Exercise data >>

Segment Open

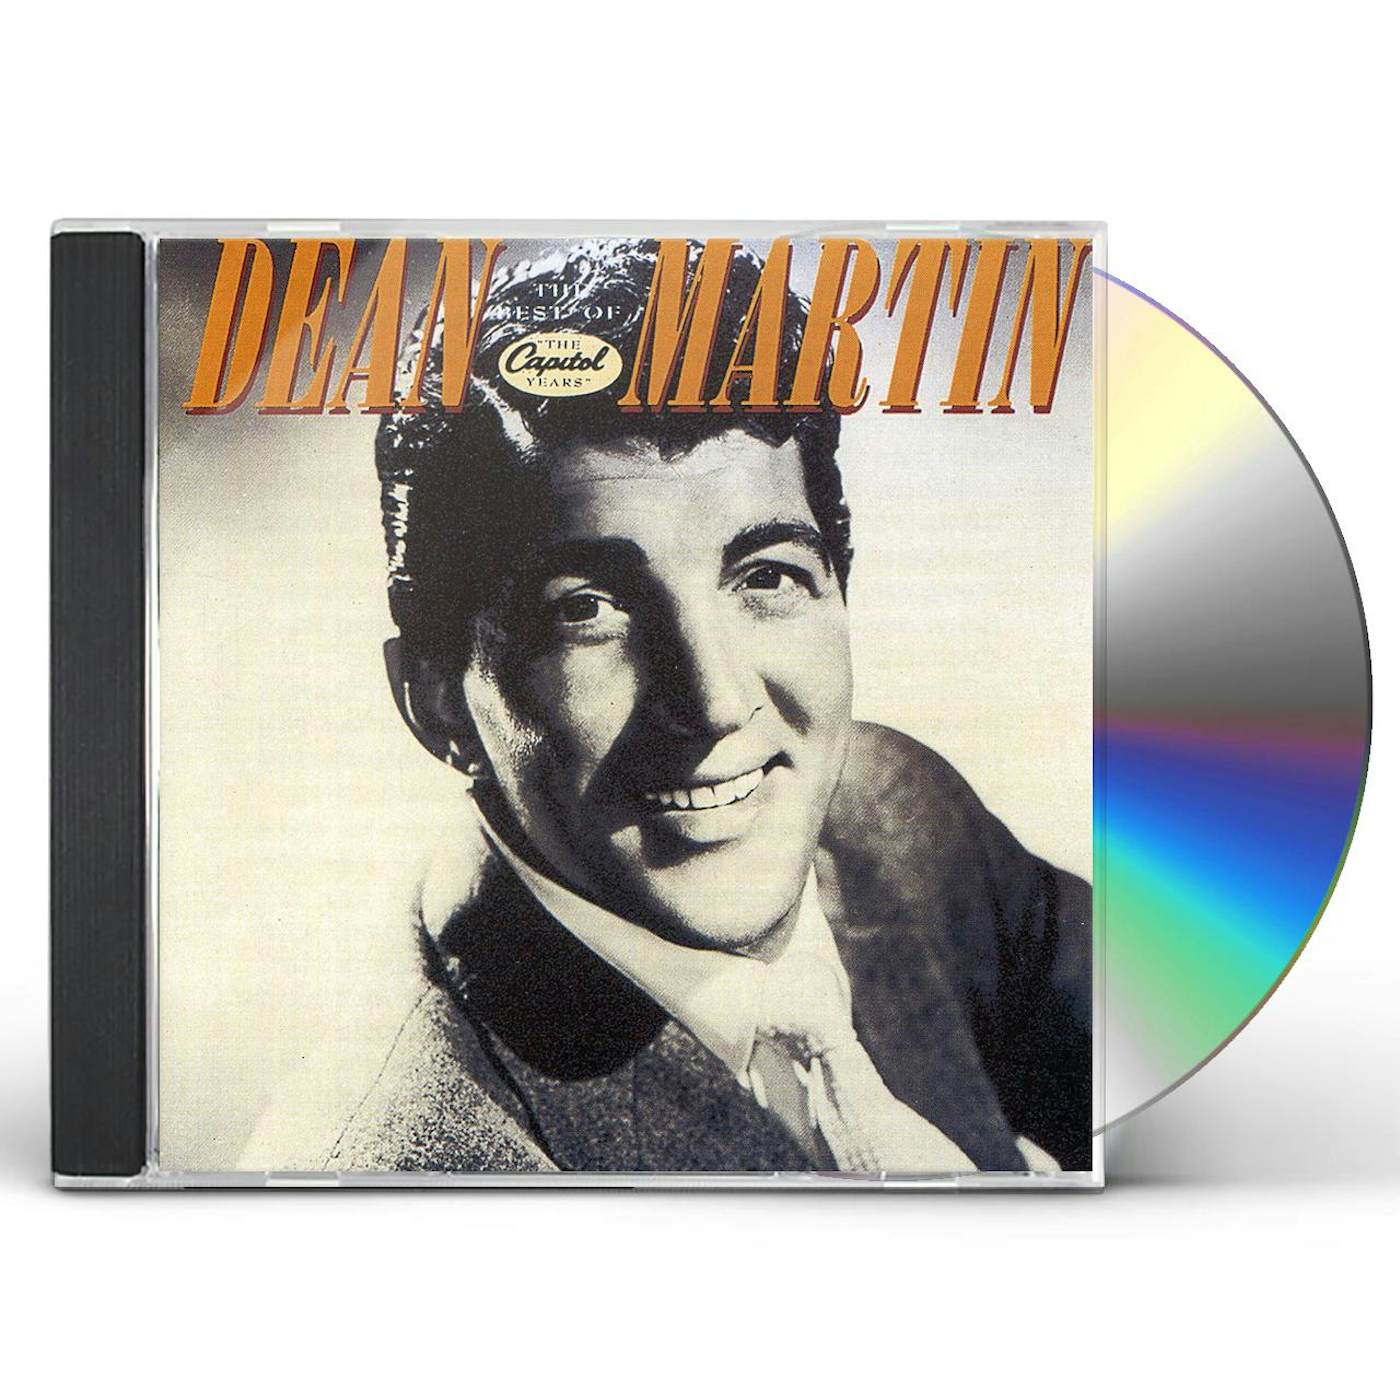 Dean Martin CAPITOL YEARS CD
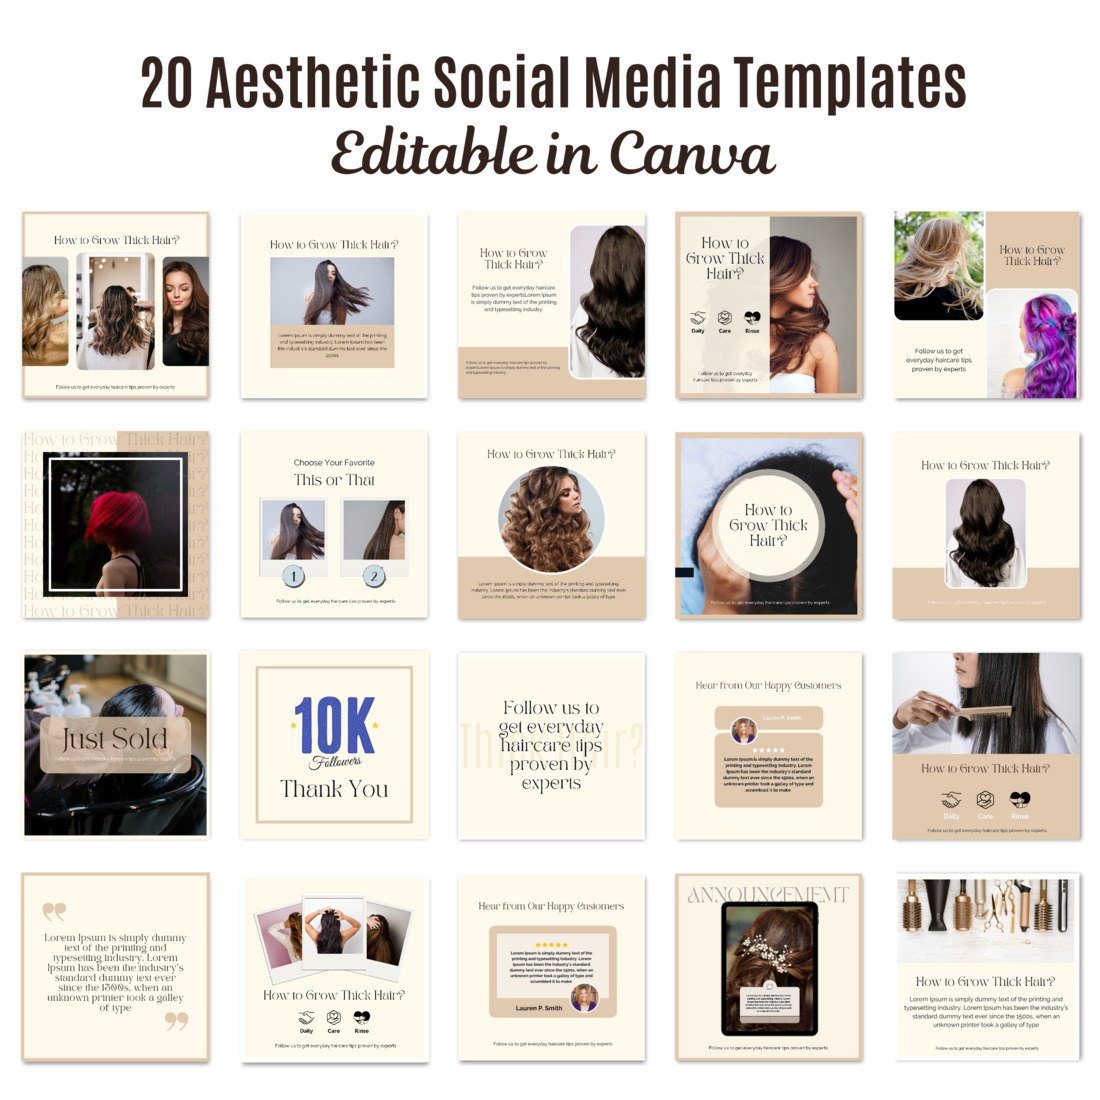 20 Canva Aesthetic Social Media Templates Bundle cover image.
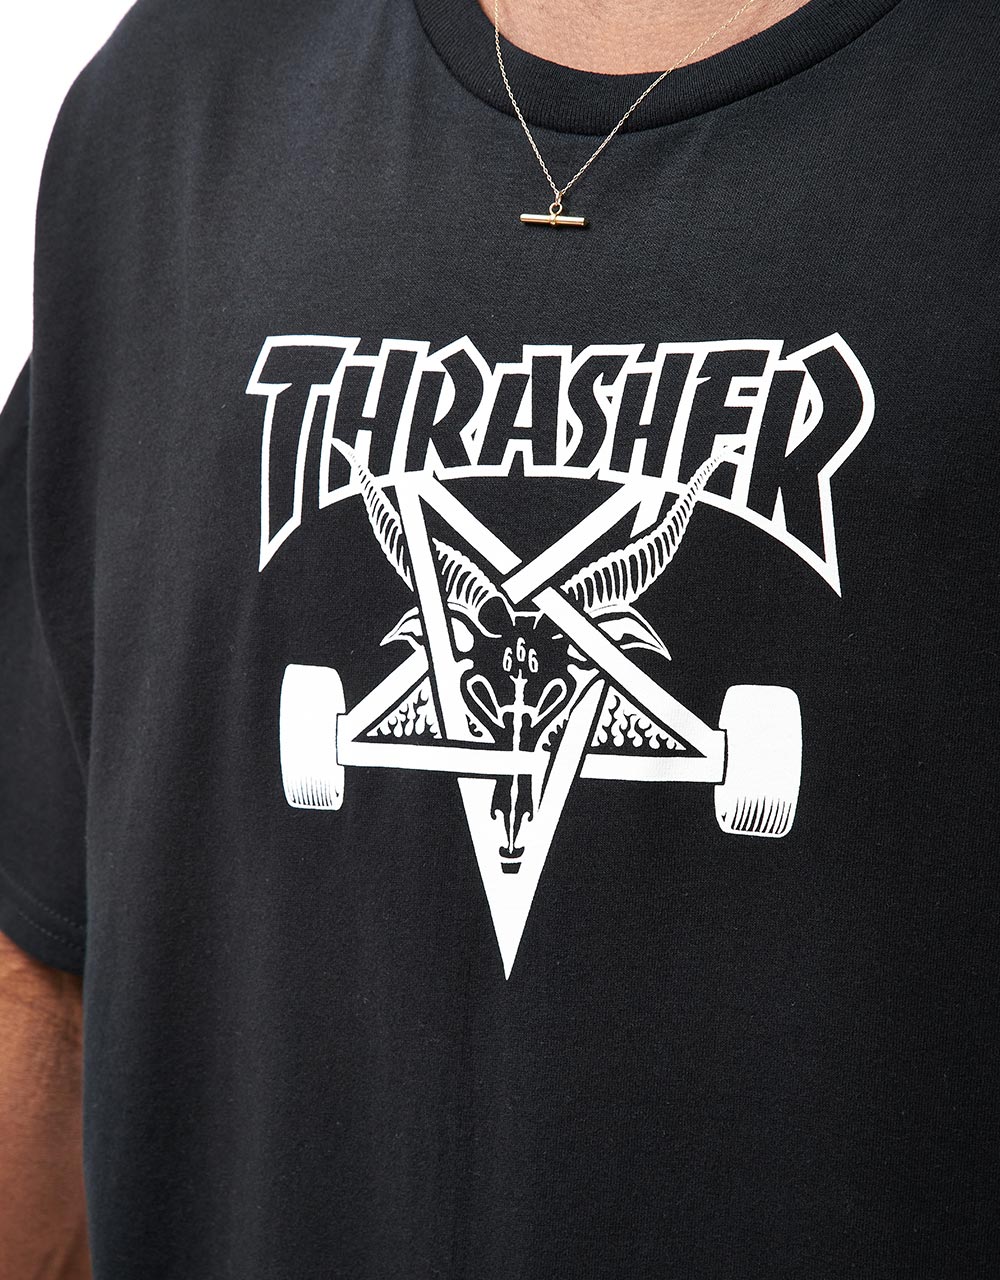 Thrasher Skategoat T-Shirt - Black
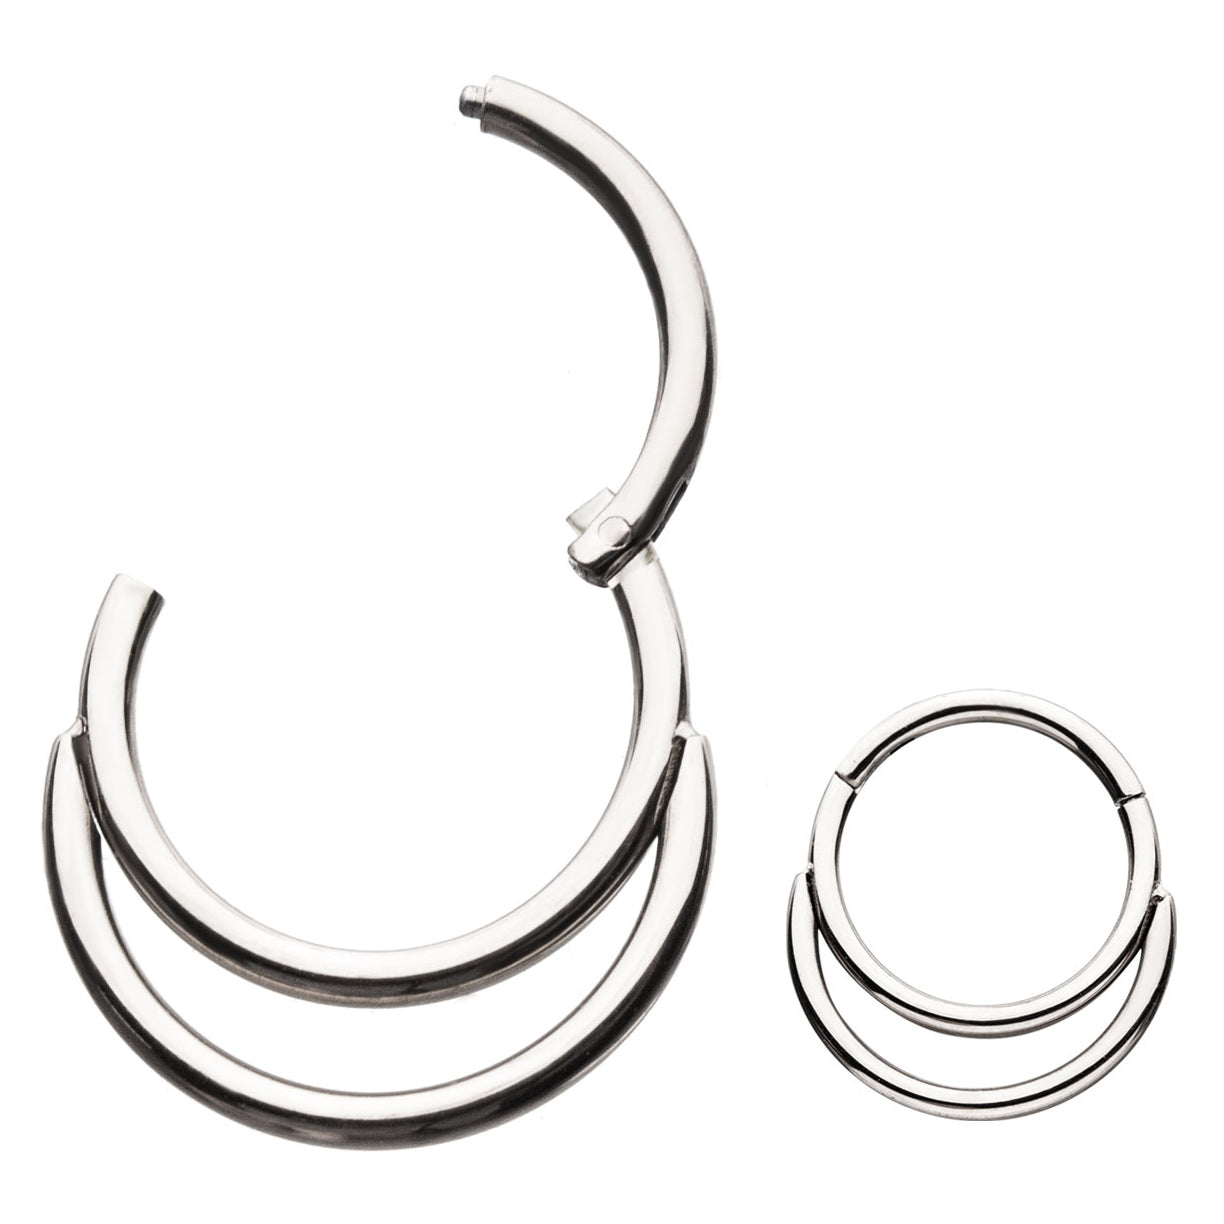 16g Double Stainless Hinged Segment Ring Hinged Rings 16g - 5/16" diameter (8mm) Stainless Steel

Segment Closed

Prompt >> Transcribe exactly the span of lines from the line holding "Thrasher Skategoat T-Shirt - Black" through the last line above, both included. Pictures stay out.

Result of this exercise >>
 Thrasher Skategoat T-Shirt - Black
 16g Double Stainless Hinged Segment Ring Hinged Rings 16g - 5/16" diameter (8mm) Stainless Steel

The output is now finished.